During the Hornets’ short tenure in Oklahoma City, Shinn has reciprocated the generosity the team has received by reaching out to the community at every opportunity. He and Denise led a group of 75 staff members in a Breast Health Awareness march, an effort which earned him recognition as a Pink Tie Guy as a highly-respected community leader who has made significant contributions to the Susan G. Komen Foundation’s goals and aims. The couple also joined Governor and First Lady Henry at a Habitat For Humanity workday and invited the recipients of the new home to sit with them at a Hornets game. During the holidays, Shinn spearheaded the team’s NBA Season of Giving activities that included a luncheon for 1,000 senior citizens and a shoe giveaway at a downtown homeless shelter. And when tragedy struck the OKC Police Department, he responded with the largest single donation ever made locally to a slain officer’s fund.
These examples, of dedication to making a difference in the community in which he lives and works, come from the core of Shinn’s personality and background.
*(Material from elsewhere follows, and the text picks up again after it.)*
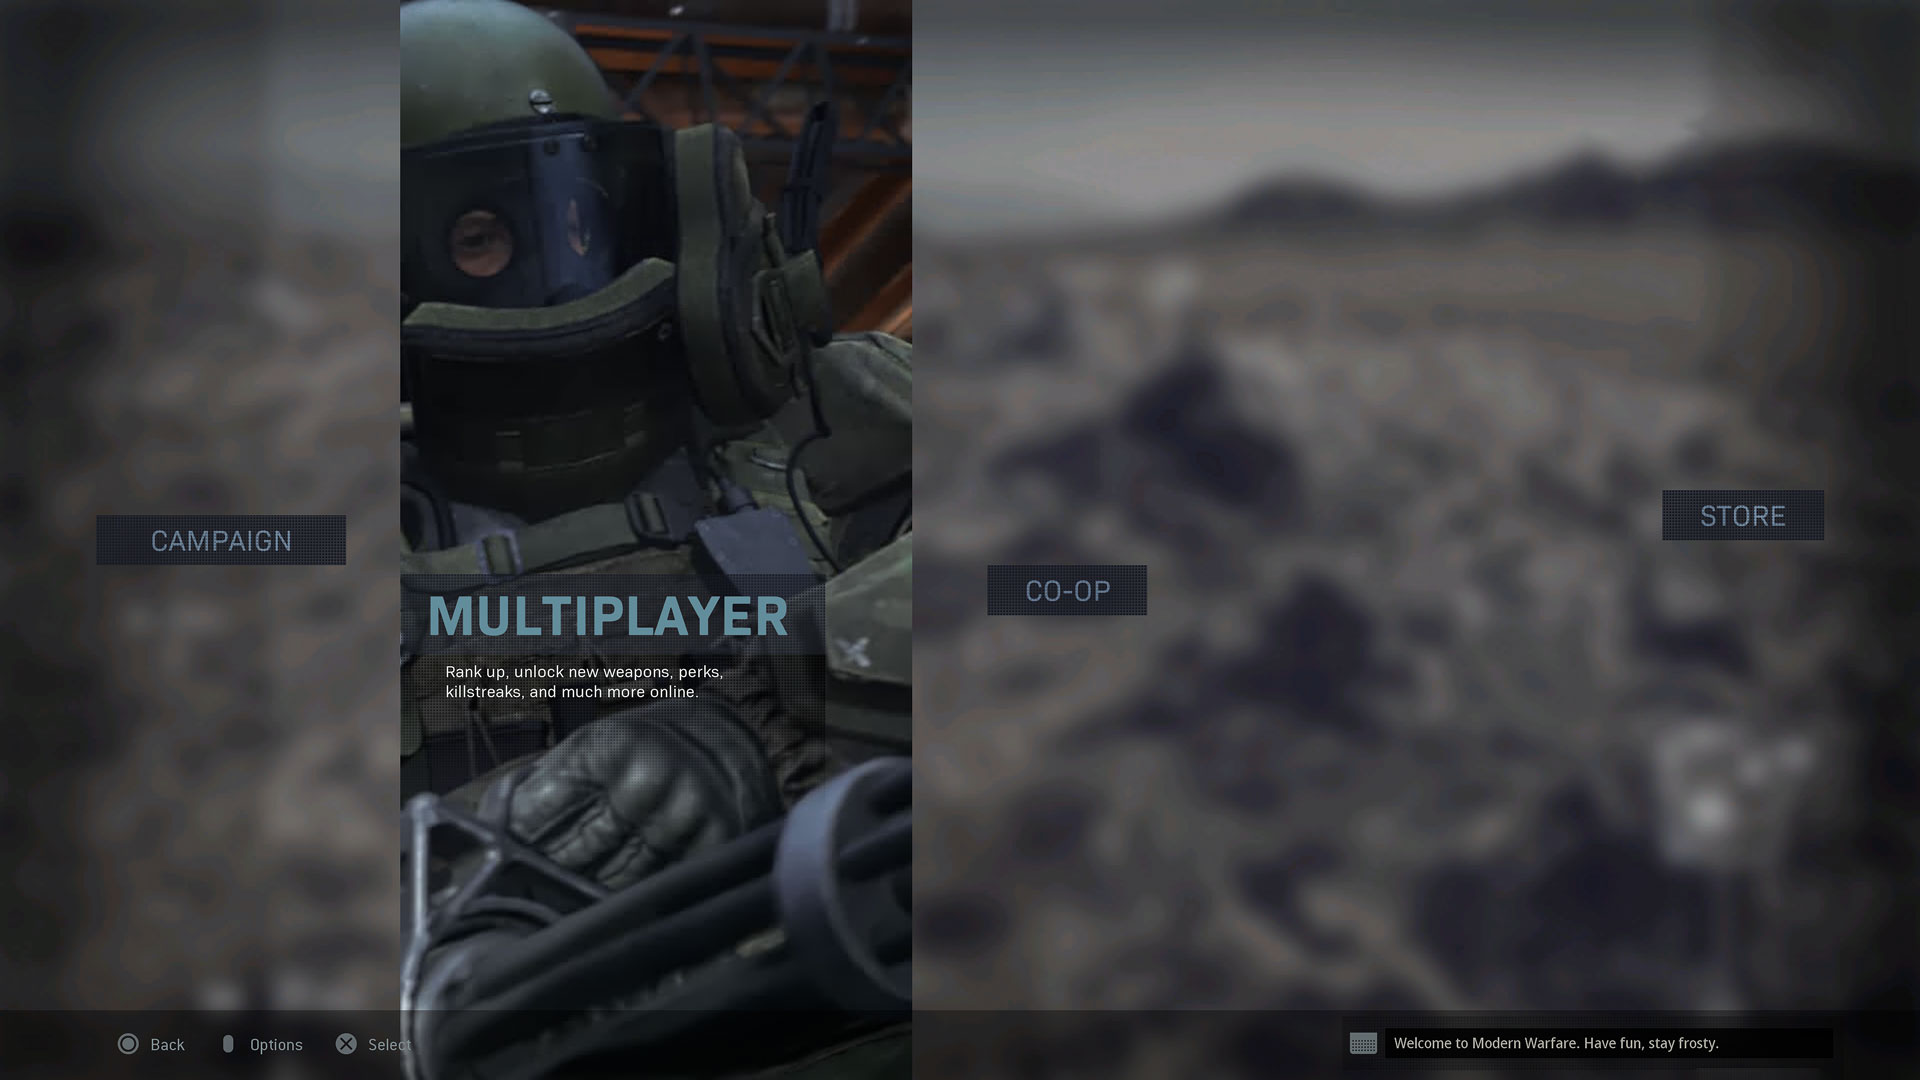 call of duty modern warfare multiplayer not available until full download

As a young man in Kannapolis, Shinn worked in a textile mill, at a car wash and even as a janitor in a school that he would eventually own. Lessons learned in those humble beginnings would soon pay off when in 1975, at the age of 34, Shinn was the youngest person ever awarded the prestigious Horatio Alger Award, which recognizes “rags-to-riches” business leaders who achieve success while maintaining values in patriotism, faith and civic involvement. His purchase and development of the Rutledge Education System and its chain of proprietary business schools would form the cornerstone of his fortune and eventually lead him to real estate developments, auto dealerships, publishing ventures and professional sports franchises, including the Hornets, the Charlotte Knights AAA minor league baseball team and the Charlotte Checkers and Atlantic City Boardwalk Bullies of the East Coast Hockey League. Although he owns championship rings from the Knights and the Bullies and a World Series ring as a AAA affiliate of the Florida Marlins, Shinn’s number one goal has been and will continue to be winning an NBA championship with the Hornets.
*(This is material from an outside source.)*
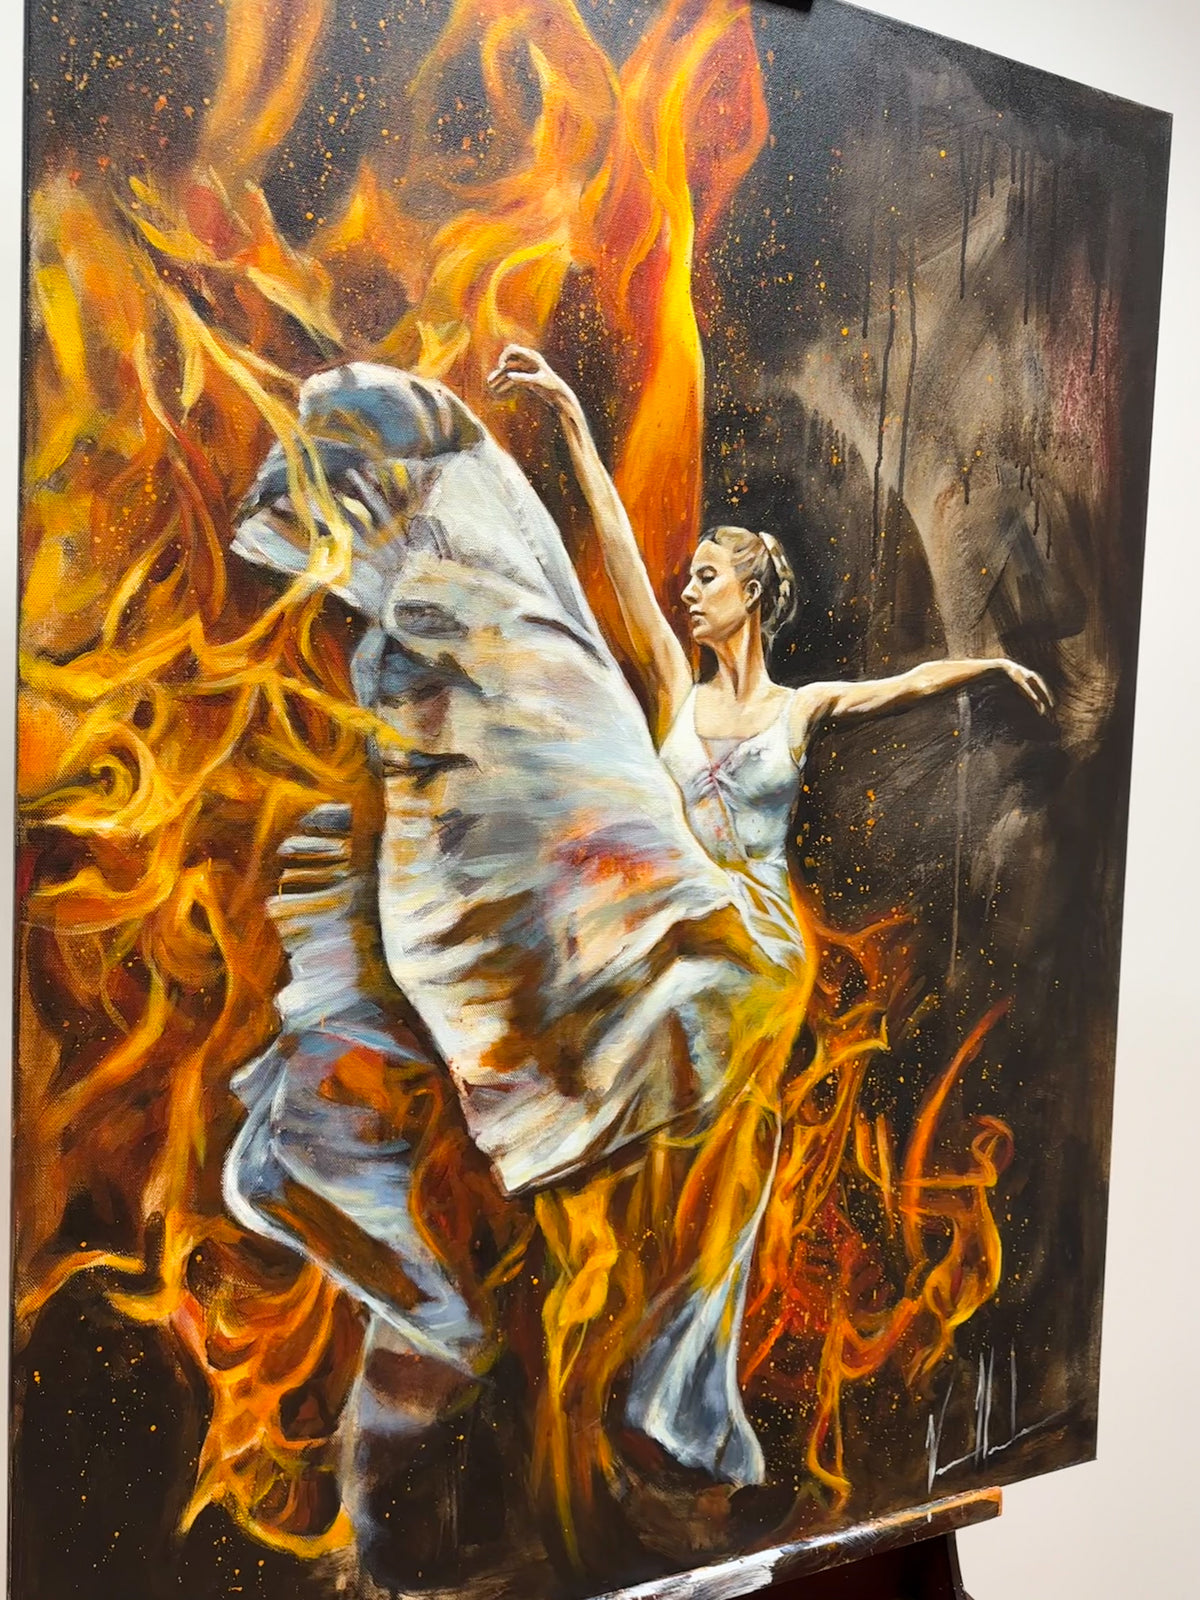 A Burning Flame Within - 30”x40” Original Acrylic Painting

Shinn was inspired to share his success secrets with others and authored five books, including his 1977 autobiography “Good Morning, Lord!” (later re-printed as “The American Dream Still Works”) and “Leadership Development,” which became a best-selling college textbook. Later, a biographical account of his life and experiences as an NBA owner was told in “You Gotta’ Believe,” and he published “Introduction to Professional Selling” and “Miracle of Motivation,” which are still on the market today. His success in the publishing world makes Shinn a highly sought-after public speaker, especially on topics related to sales and motivation.
For a lifetime of achievement in business and higher education, Shinn was one of twelve to receive an American Success Award from President Bush in a White House ceremony. He also holds six honorary degrees in humanities.
Denise Shinn is the president of the Shinn Foundation and responsible for fundraising efforts and setting direction for donations and giving.